Problem requirements
Go through the entries below and print, exactly, the lines starting at the one with "Space Age Murano" and ending at the one with "Despite Shahab Khorshidpanah's", keeping both ends and no others.

Listed records
===
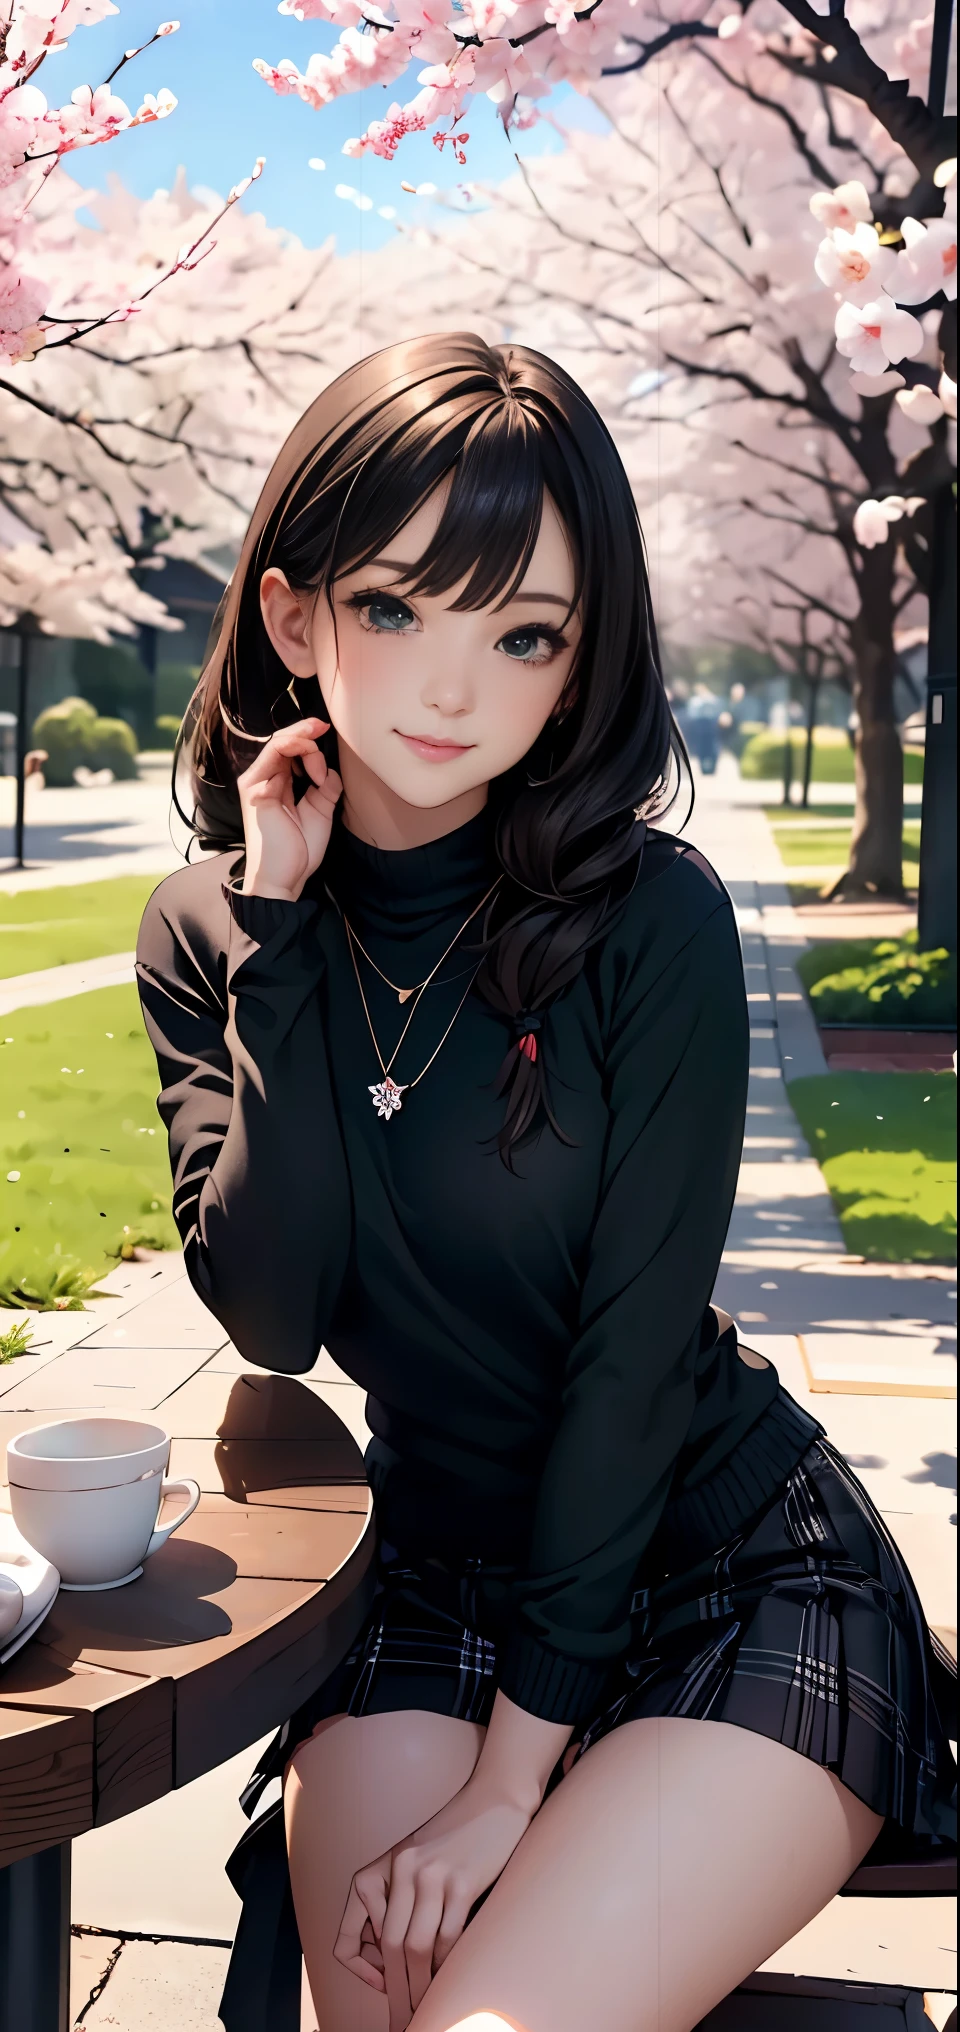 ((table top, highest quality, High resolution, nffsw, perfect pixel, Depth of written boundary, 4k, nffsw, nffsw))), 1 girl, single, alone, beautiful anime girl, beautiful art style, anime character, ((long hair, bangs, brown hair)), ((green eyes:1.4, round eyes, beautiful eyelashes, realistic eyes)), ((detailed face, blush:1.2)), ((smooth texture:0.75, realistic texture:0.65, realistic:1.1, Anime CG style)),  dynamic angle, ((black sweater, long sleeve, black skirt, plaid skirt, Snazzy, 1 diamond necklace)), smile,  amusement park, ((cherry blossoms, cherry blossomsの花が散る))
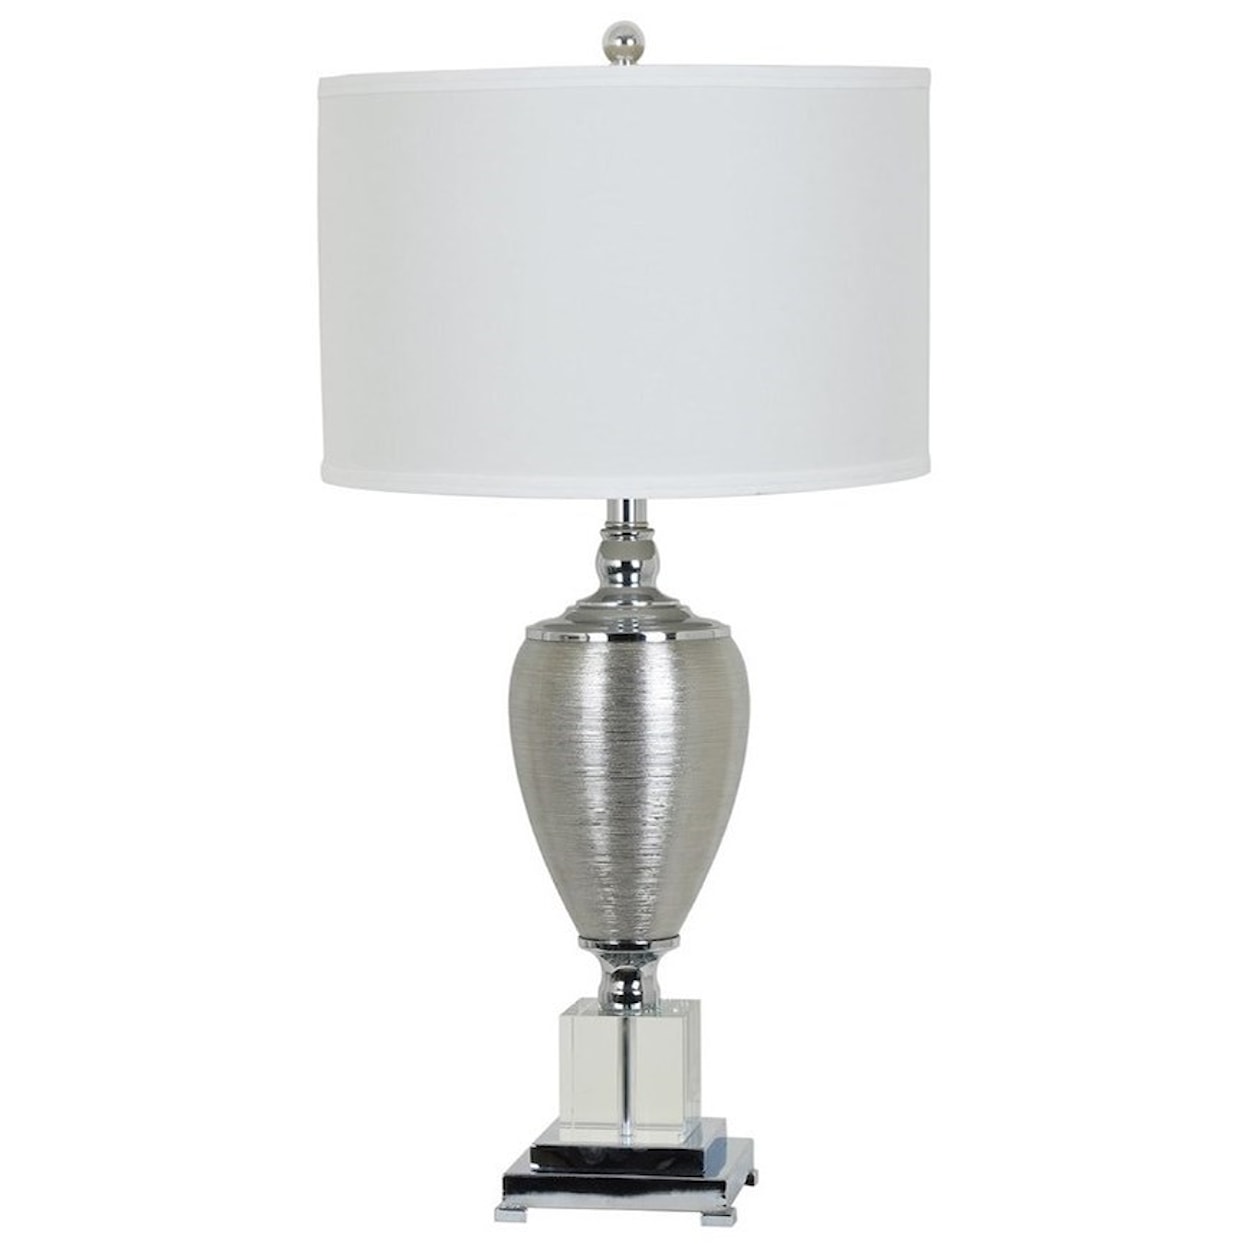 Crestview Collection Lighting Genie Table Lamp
===
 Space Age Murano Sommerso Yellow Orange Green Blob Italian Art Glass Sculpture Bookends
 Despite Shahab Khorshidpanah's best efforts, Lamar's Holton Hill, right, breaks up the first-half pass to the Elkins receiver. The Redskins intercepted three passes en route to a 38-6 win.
===
Expected answer
 Space Age Murano Sommerso Yellow Orange Green Blob Italian Art Glass Sculpture Bookends
 Despite Shahab Khorshidpanah's best efforts, Lamar's Holton Hill, right, breaks up the first-half pass to the Elkins receiver. The Redskins intercepted three passes en route to a 38-6 win.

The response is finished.